My temperature is raised by some of our neighbours who seem incapable of following simple recycling guidelines or, more likely, are too idle to be arsed. But I get really heated by the vast quantity of soft plastic film that wraps pretty much everything these days. This can’t be recycled. Gawd knows why. So off it goes with the peelings and scraps to the incinerator to cause even more global warming or to end up swimming about in the oceans. I can almost hear the dolphins scream.

All Change, Please

One lesbian is murdered by a cowardly nationalist sniper while another becomes the Democratic Unionist Party’s first ever openly gay councillor. Journalist and tireless LGBT campaigner, Lyra McKee, was shot dead during rioting in Derry/Londonderry. The response was universal revulsion from both sides of the political divide in Northern Ireland. Alison Bennington was elected to Antrim and Newtownabbey Borough Council as a member of the shamelessly anti-gay DUP. Her election met with horror by some party bigots. Could it be that these two events – just weeks apart – will bring real change? God, I really hope so.

Sing, Canaries, Sing

Sing, Canaries, Sing

Football, as we all know, is filthy rich – a huge multi-billion pound global business and a not altogether honest one, with bungs and bribes flying about like confetti. While the beautiful game is not my cup of char, there’s no denying the considerable passion it stirs. After a few difficult years in the shade, the Norwich City Football Team – known as the Canaries – have just been promoted to the English Premier League, the richest of them all, I’m told. The city threw a party to celebrate and thousands of devoted fans pitched up to cheer the team on as the boys in yellow and green paraded through the streets in an open-top bus. It was impossible not to be swept along by the enthusiasm, lighting up a very dull day. The boost to the club’s coffers – not to mention the players’ wages – and the local economy as a whole should be substantial. Well done, lads.

Knocking Up a Mock-Up

Regular pansyfans may recall that Springtime Books (that’s me and my partners in crime) are working on an anthology of expat stories about Turkey. A huge thank you to those who’ve contributed so far – the book is building very nicely. We’ve already got a fabulous, diverse selection of personal tales and reflections – from Istanbul to Gaziantep, from ‘Chickens in a Buick’ to ’Finding My Tribe in Turkey’, some humorous, some touching and all capturing a personal snapshot. All this means there’s a unique book in the making.

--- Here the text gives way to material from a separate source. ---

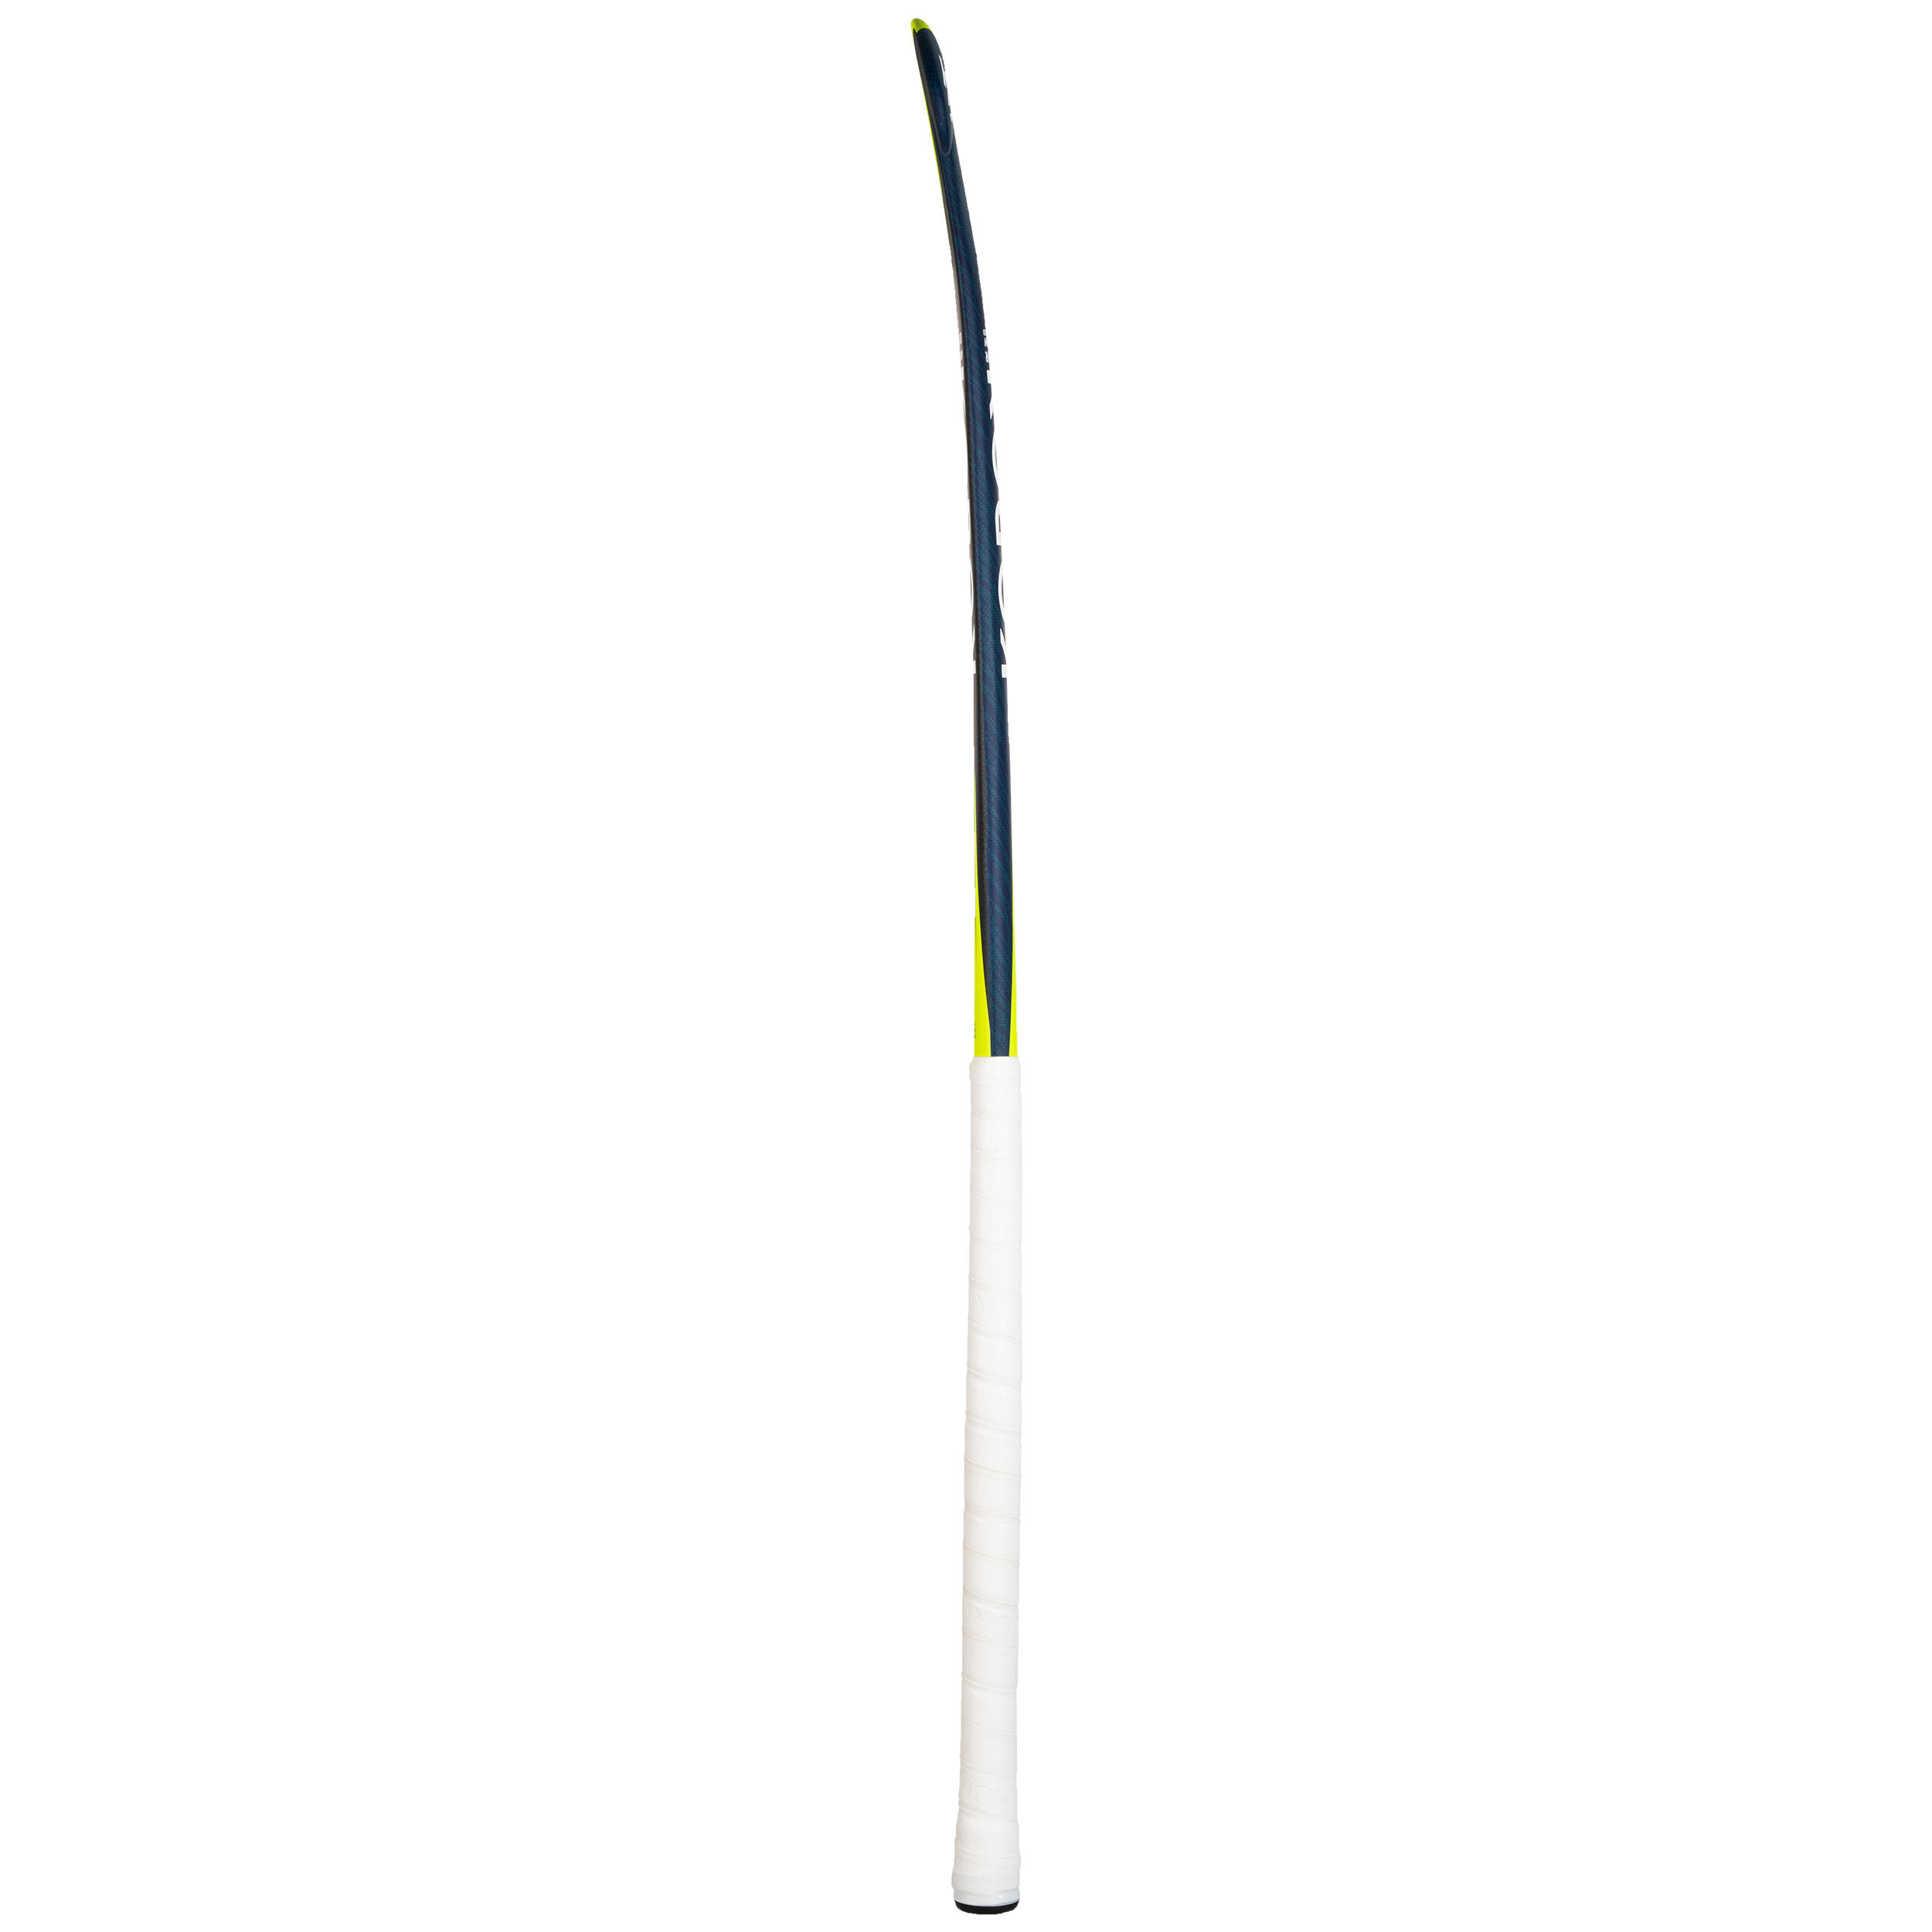 Adult Intermediate 20% Carbon Low Bow Indoor Hockey Stick FH520 - Blue/Yellow 8/10

So do keep your contributions coming in (see Turkey Anthology – What’s Your Story? for more info.) We’re about halfway there. I know many of you have some amazing personal stories to tell and, as this book is a ‘thank you to Turkey from expats past and present’, it would be particularly good to have some up-close-and-personal accounts of how Turkey and its people have affected you, touched you. Don’t worry if your idea isn’t fully-formed, just get something down on ‘paper’ and we can finesse it later.

The book is still untitled but to help visualise what it might eventually look like, I’ve got our designer to knock up a mock-up. It’s just an idea at this stage to be taken lightly but does hint at the kind of look and feel we’ll be going for.